Europeans decide to limit the price of Russian oil to 60 dollars per barrel

Until the end, Poland threatened to disrupt the negotiations. It took hours of discussion with its community partners and, above all, friendly but firm pressure from the United States, for this transatlantic country to lift its objections. On Friday, December 2, Warsaw finally agreed, allowing Westerners – the European Union (EU), the G7 and Australia – to finalize the mechanism to cap Russian oil prices that they wanted to put in place. By pledging not to buy Russian oil above $60 a barrel, they want to limit Moscow’s income and prevent it from financing the war against Ukraine as much as possible.

it was time Washington and its G7 allies wanted the mechanism to take effect on December 5, the same time the European Union decided to impose an embargo on Russian oil, which would follow those imposed by the United States, Canada, Japan or Australia and slightly ahead of the United Kingdom. This ceiling is not intended to ease their tax, because they all decided not to buy black gold in Moscow anymore. But they thought it was forbidden Above this ceiling price, European, American, British, Canadian, Japanese and Australian companies provide services for the sea transportation (freight, insurance, etc.) of Russian oil to countries that have not decided to seize it, such as China or India.

Today, the G7 countries provide insurance services for 90% of global cargo – the UK in particular is a major player in this market – while Greece, like Malta or Cyprus, is less dominant in shipping.

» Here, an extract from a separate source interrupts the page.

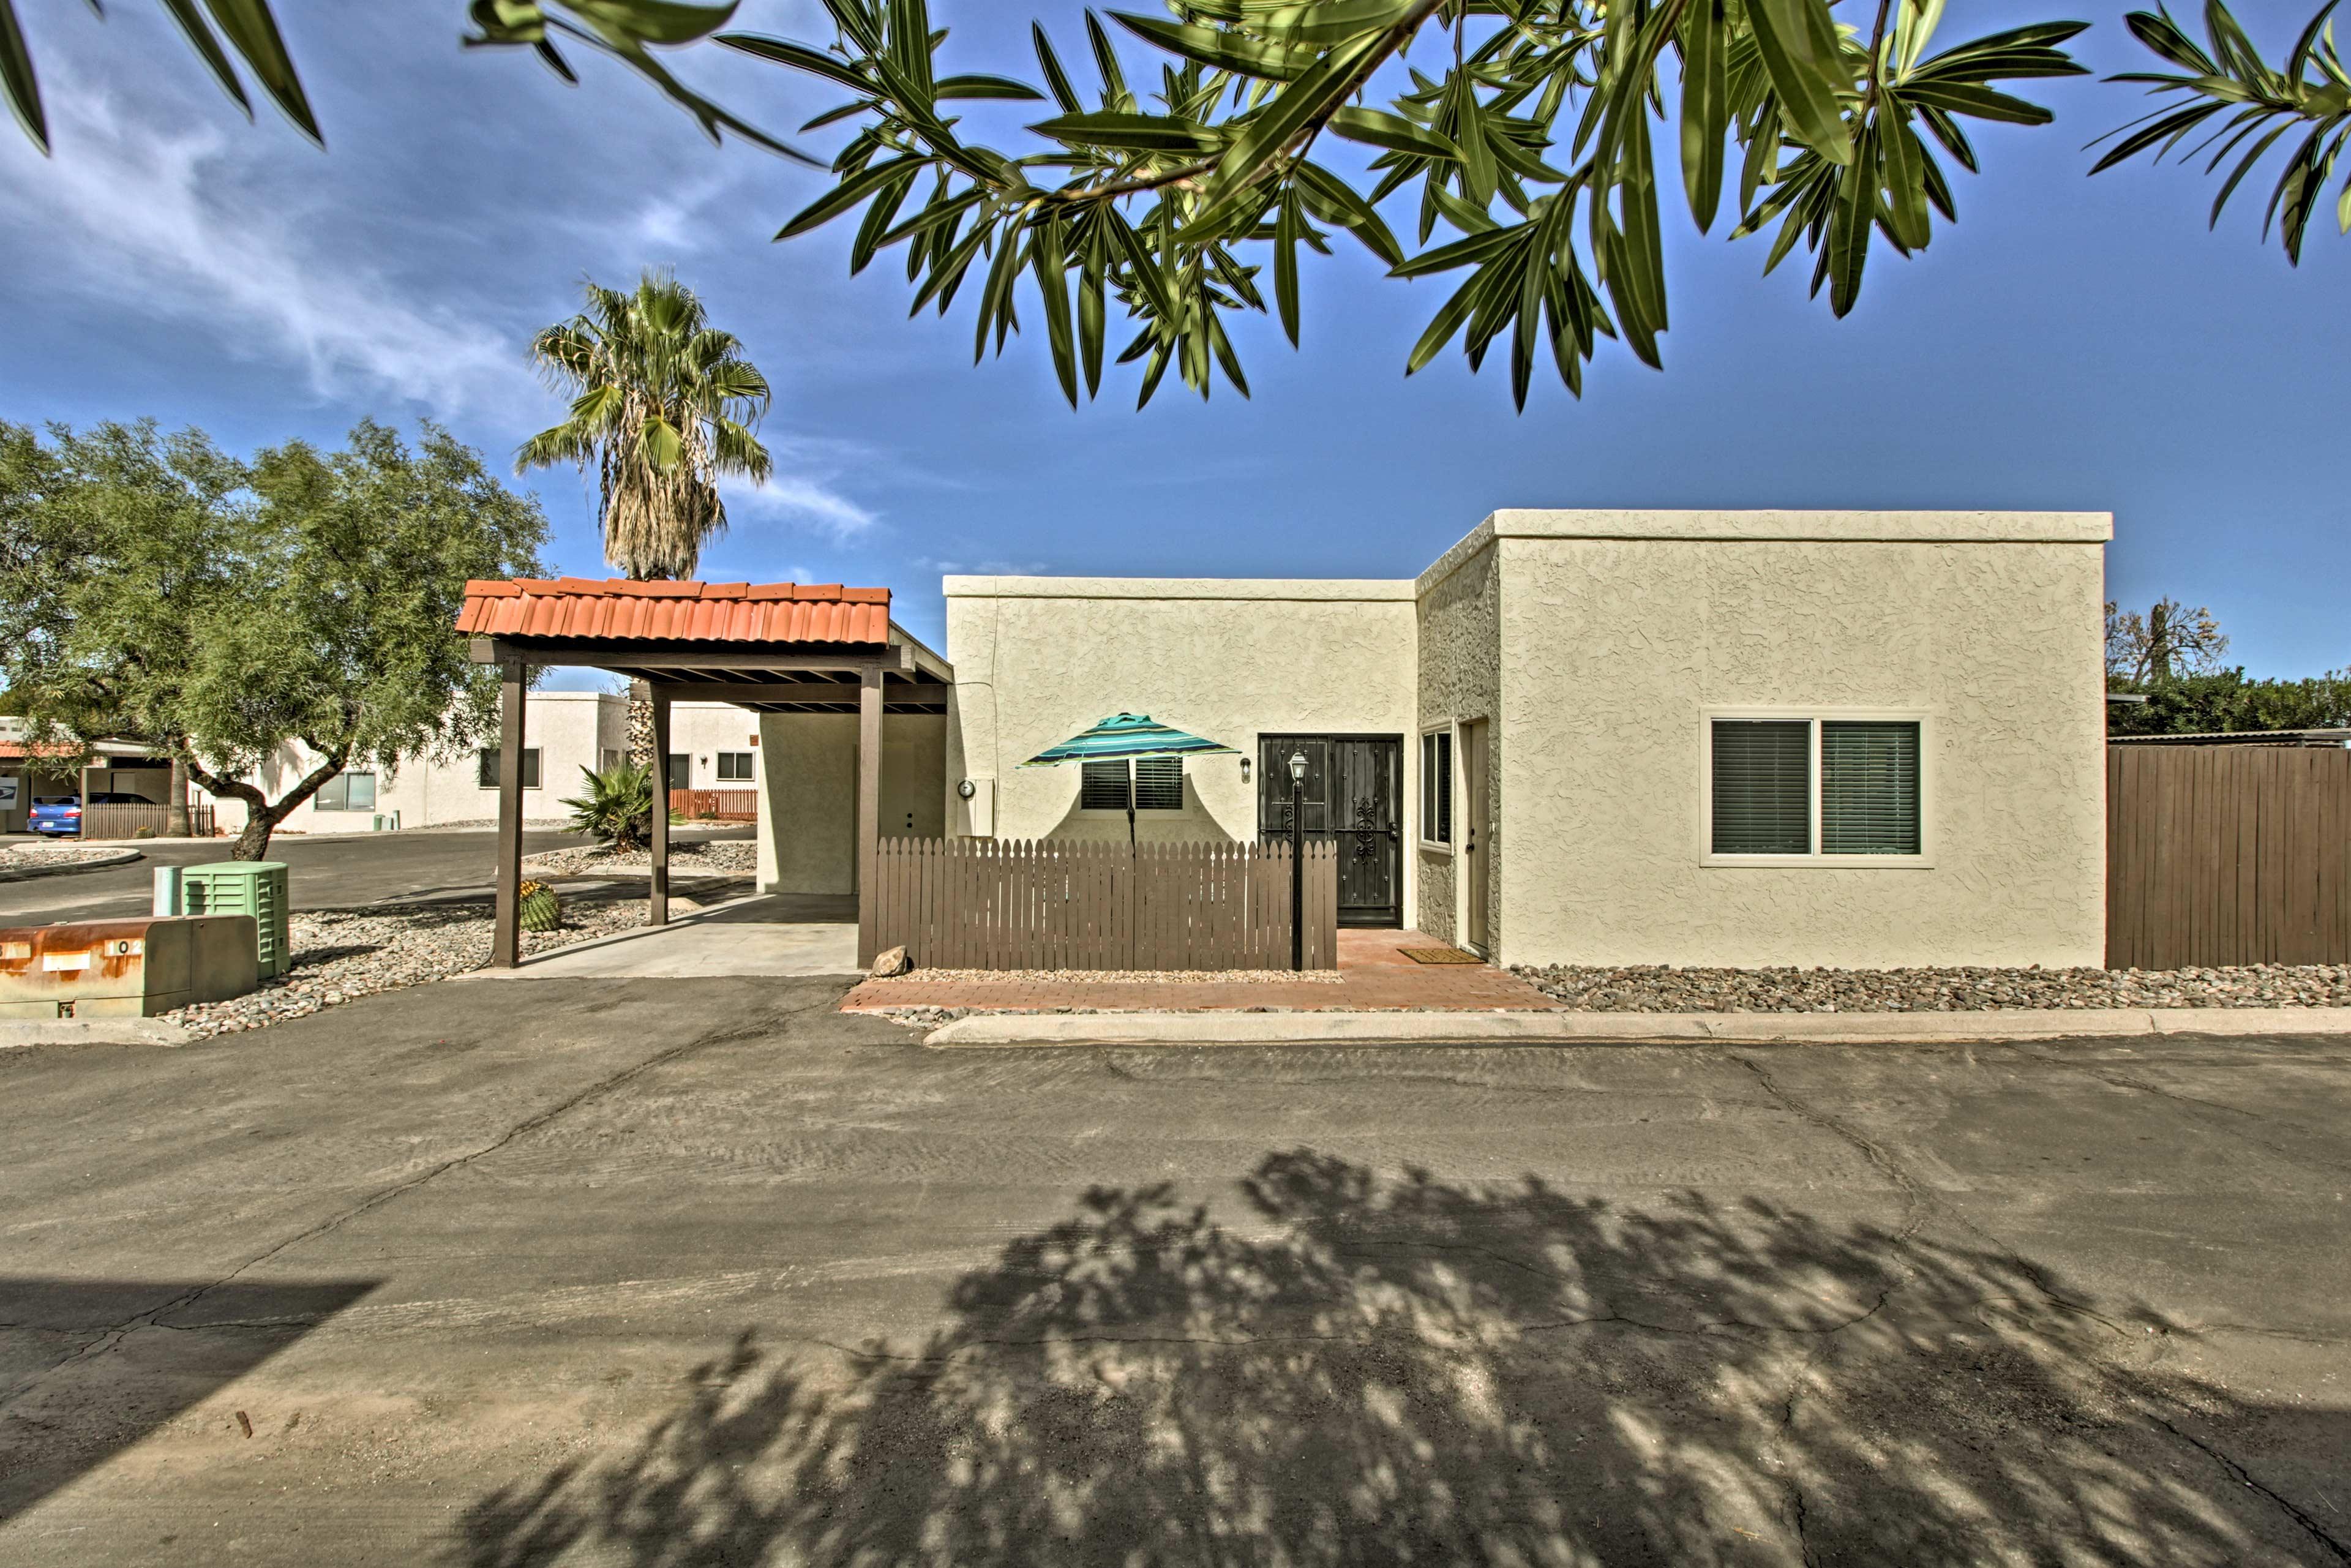 This stucco house boasts an Arizona atmosphere to make you feel like a local.

As soon as these players are no longer able to transport or deliver 60 euros worth of Russian oil, they de facto prevent customers from buying it at a higher price.

A risky bet for the Greek and British economies

By deciding on a price ceiling for Russian oil, the West wants to, in effect, impose it on the rest of the world. and prevent Moscow from compensating for the loss of markets by selling black gold elsewhere. At least that’s their reckoning.

But it is not without risk. “Insurers or carriers may arise elsewhere”, admits the diplomat. This would not only empty the ceiling decided by the G7 and its allies of its content, but also lead to competition that could eventually undermine one of the mainstays of the Greek or British economy. That is why, within the EU, Greece, as well as Cyprus and Malta, have campaigned hard to keep the price of Russian oil as close as possible to the market price.